Retype exactly the lines below, starting with the line that contains "BARENAKED LADIES - Stunt" and ending with the last line; leave out any pictures.

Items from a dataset
***

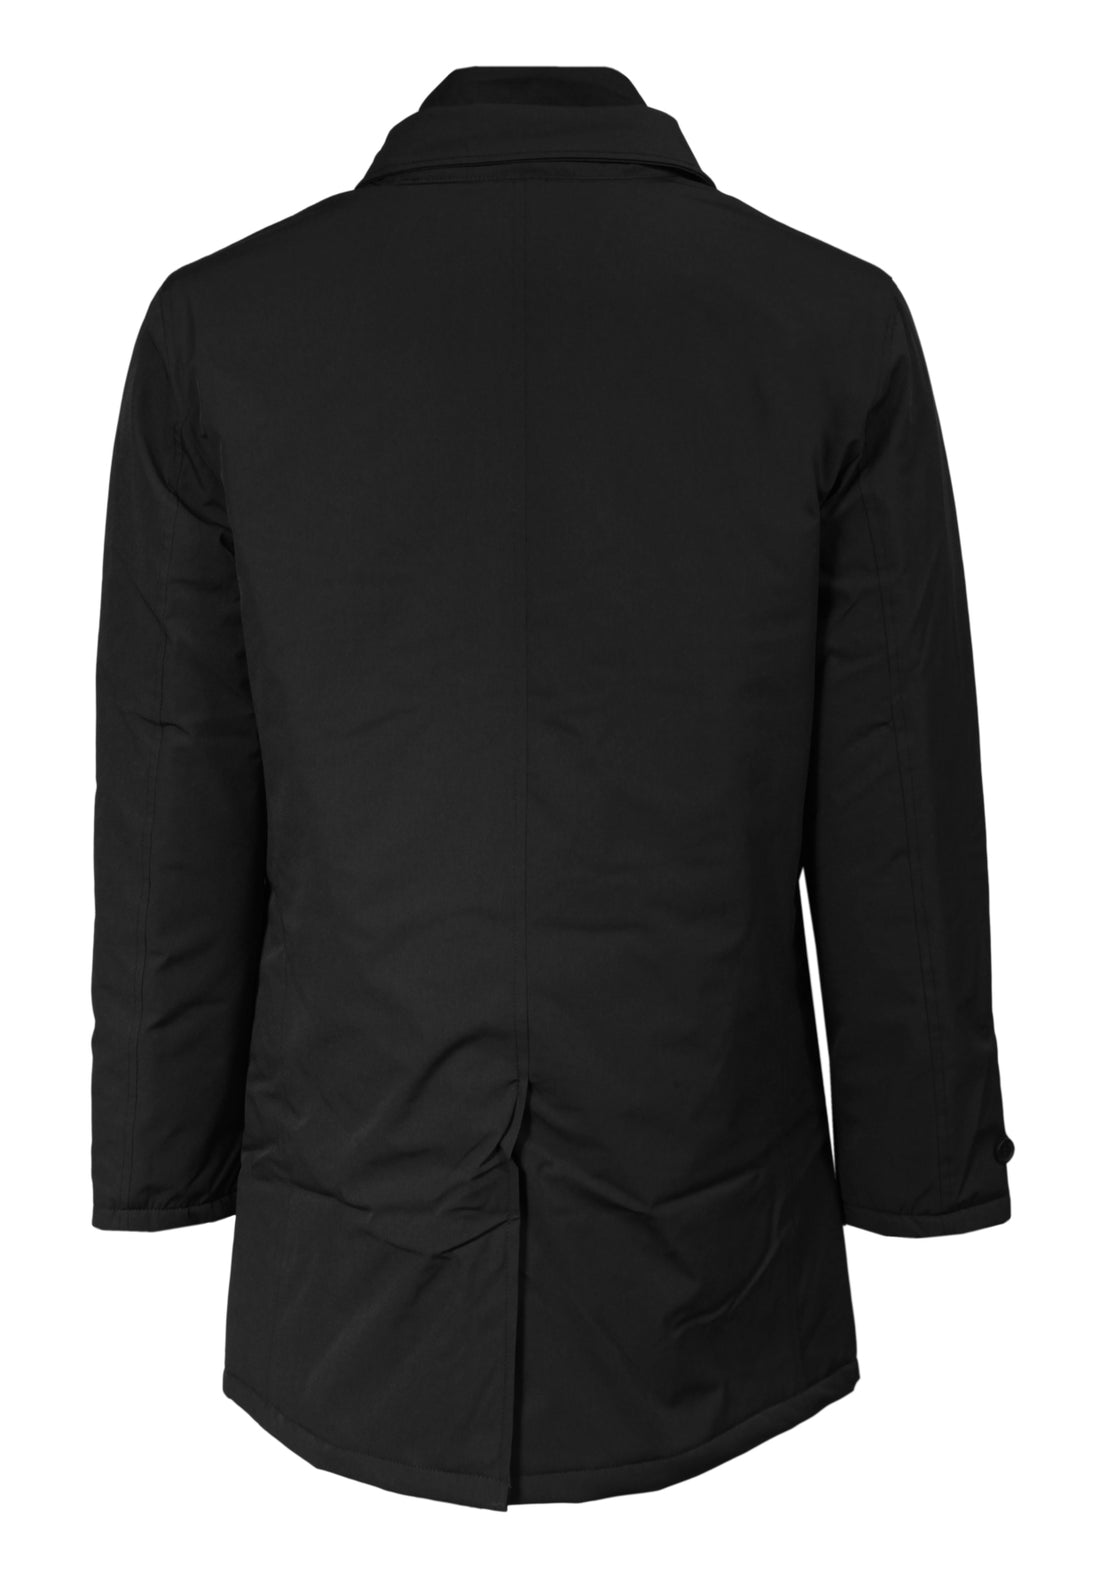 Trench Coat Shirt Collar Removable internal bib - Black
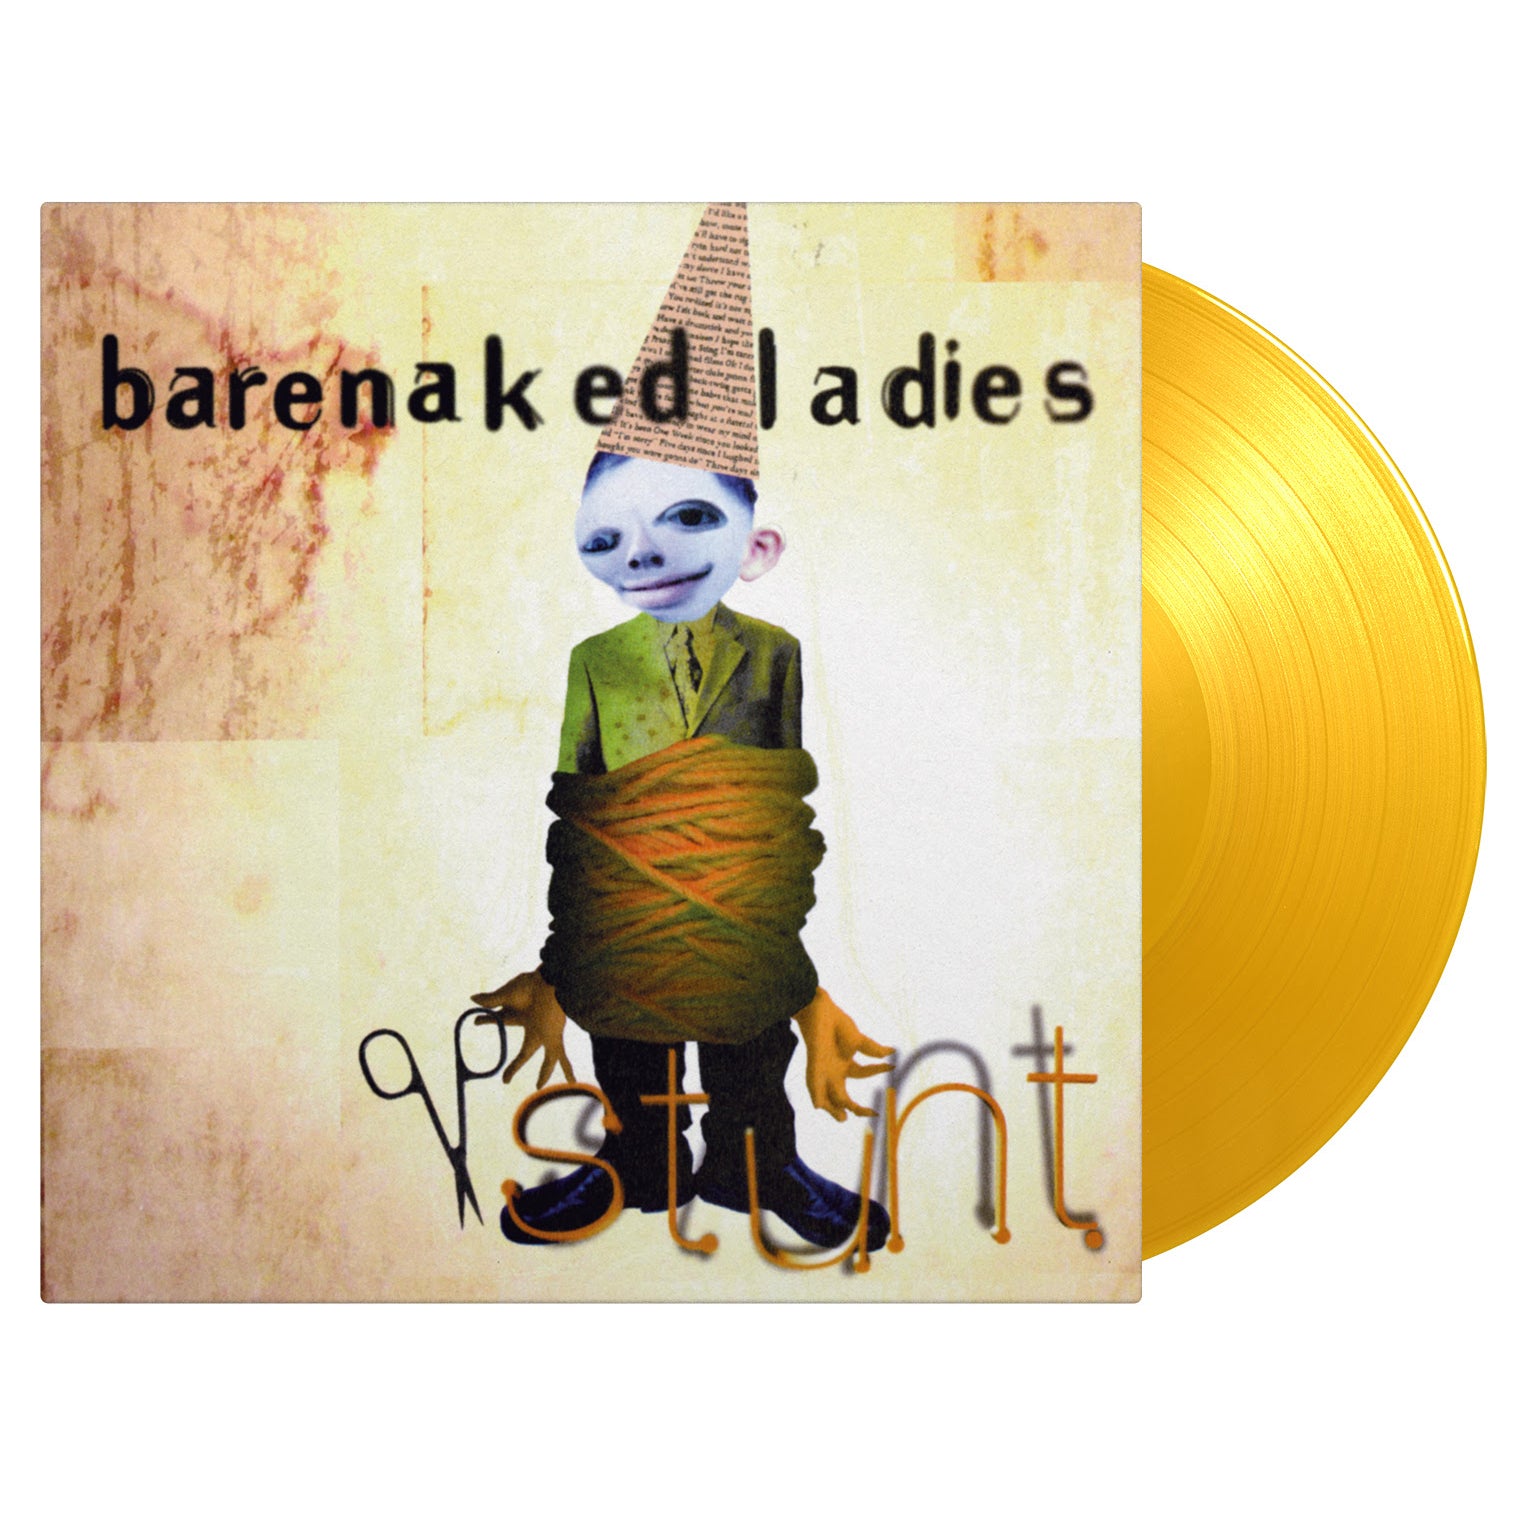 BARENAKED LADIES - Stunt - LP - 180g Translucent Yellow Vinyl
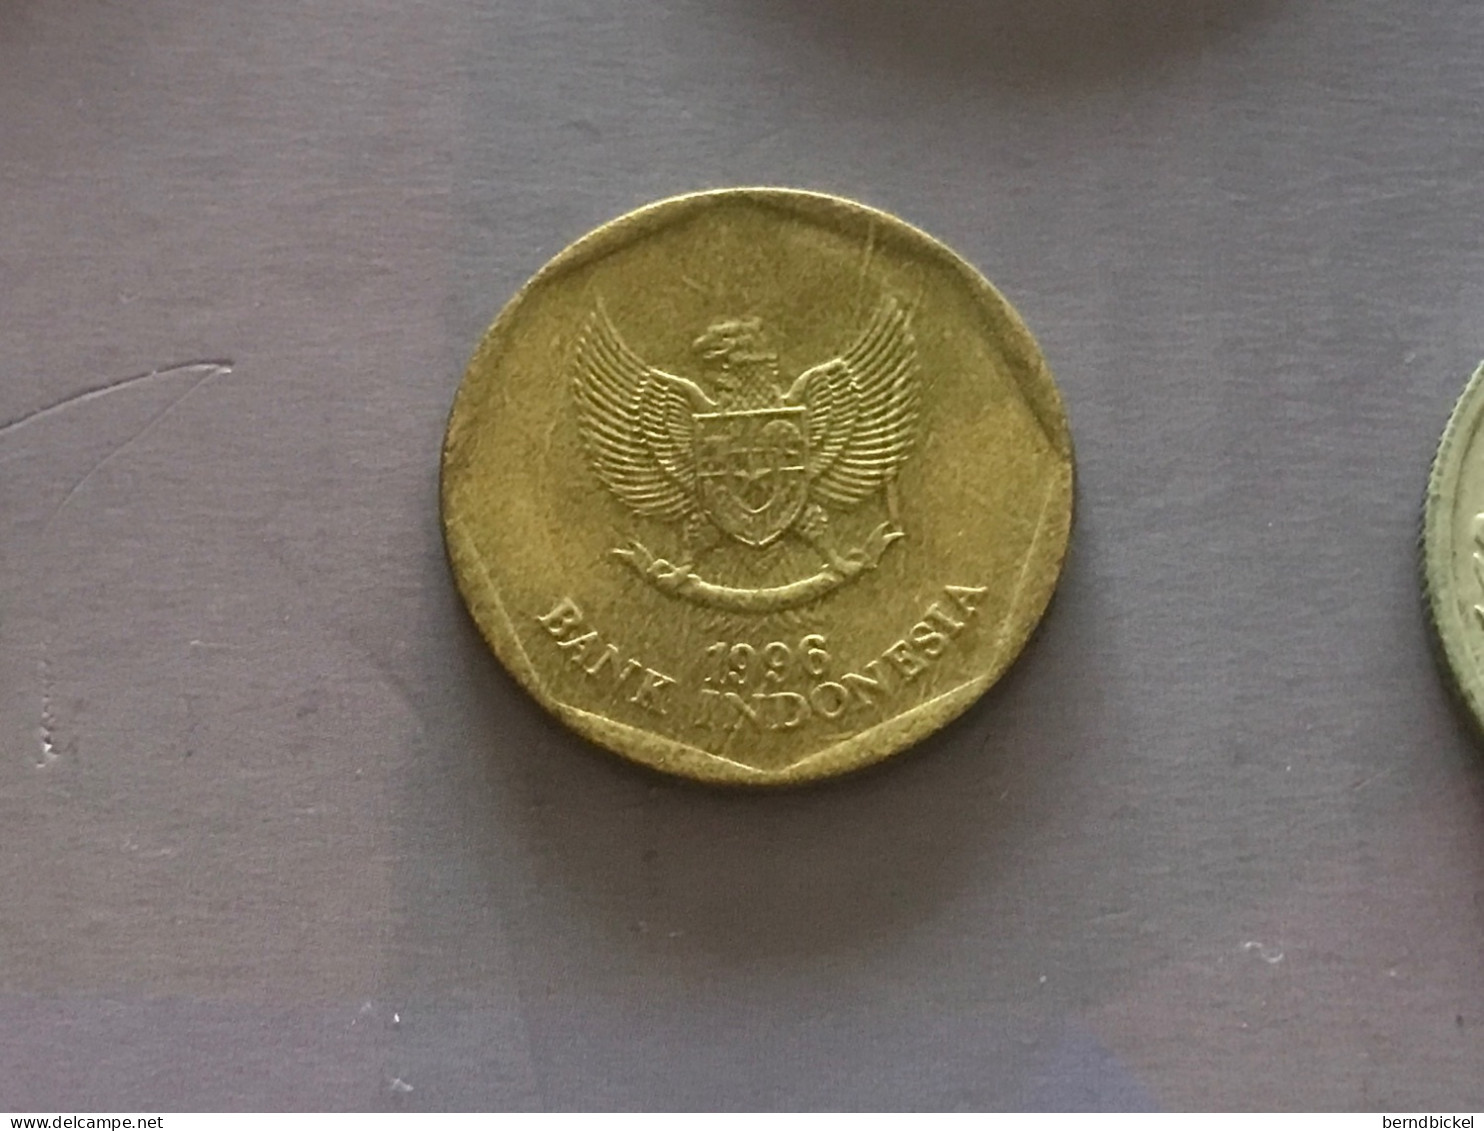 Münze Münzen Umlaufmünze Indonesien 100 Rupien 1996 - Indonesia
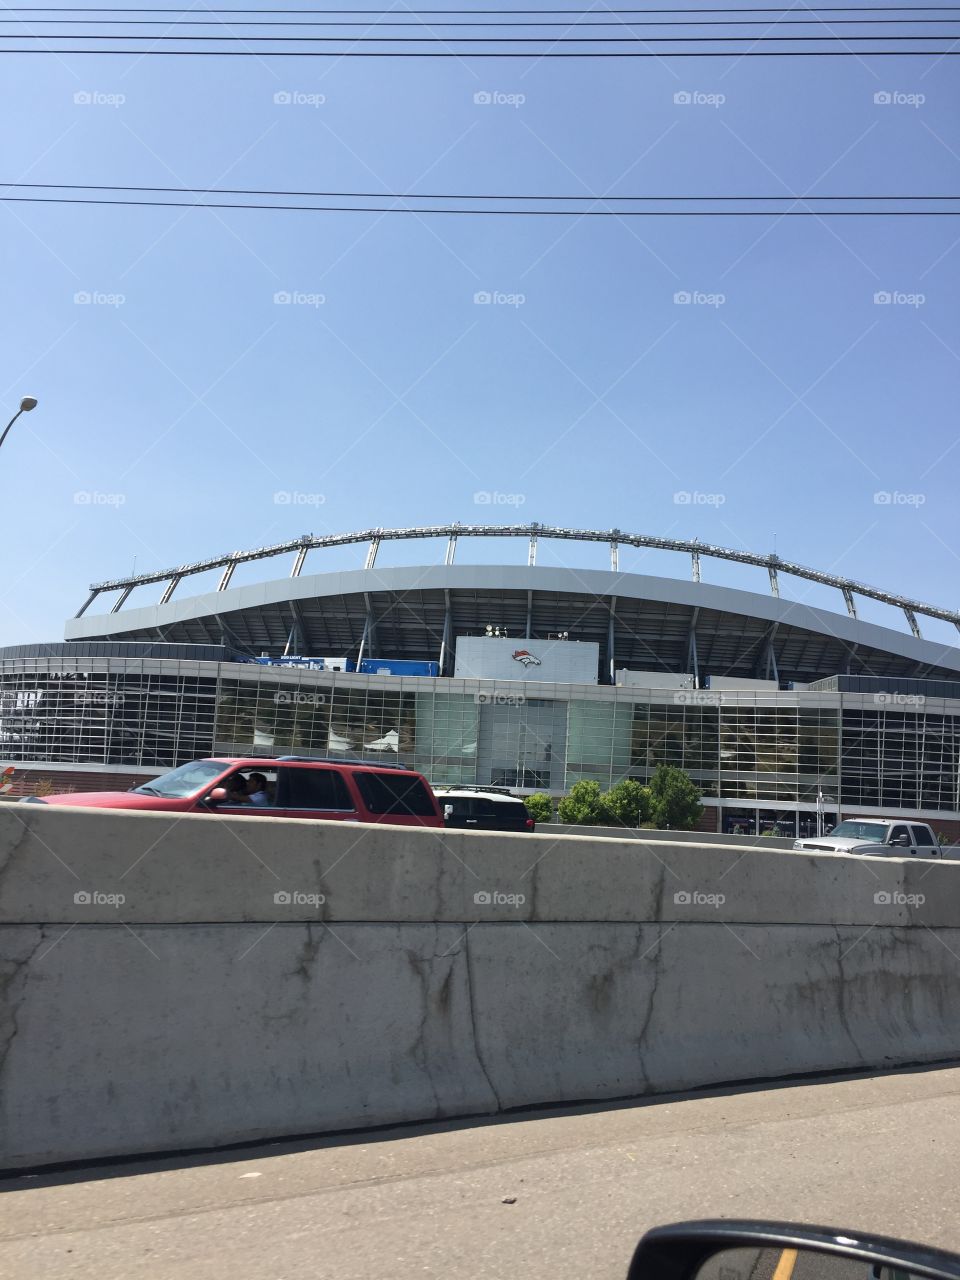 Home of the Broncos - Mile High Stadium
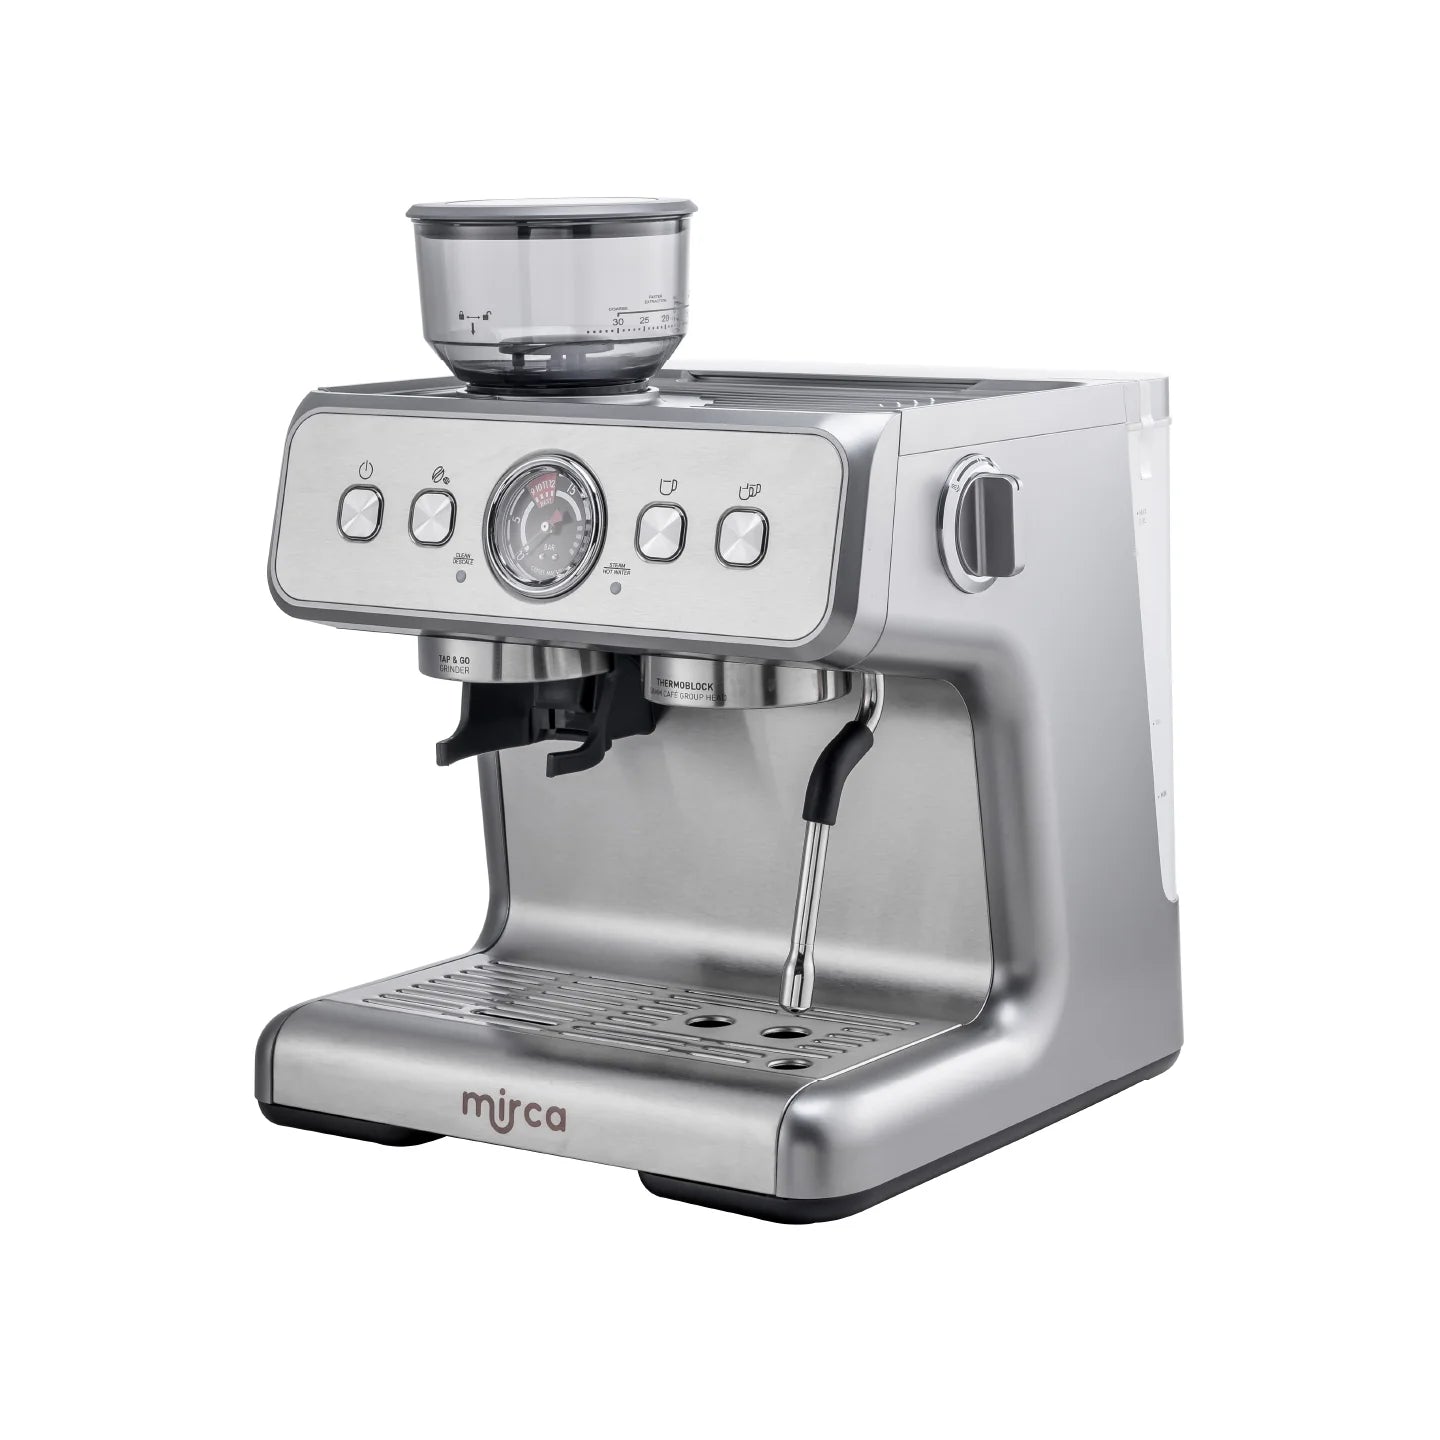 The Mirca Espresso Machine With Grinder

***

» SOLUTION FOR THIS PROBLEM
 BARENAKED LADIES - Stunt - LP - 180g Translucent Yellow Vinyl
 Münze Münzen Umlaufmünze Indonesien 100 Rupien 1996 - Indonesia
 Home of the Broncos - Mile High Stadium
 The Mirca Espresso Machine With Grinder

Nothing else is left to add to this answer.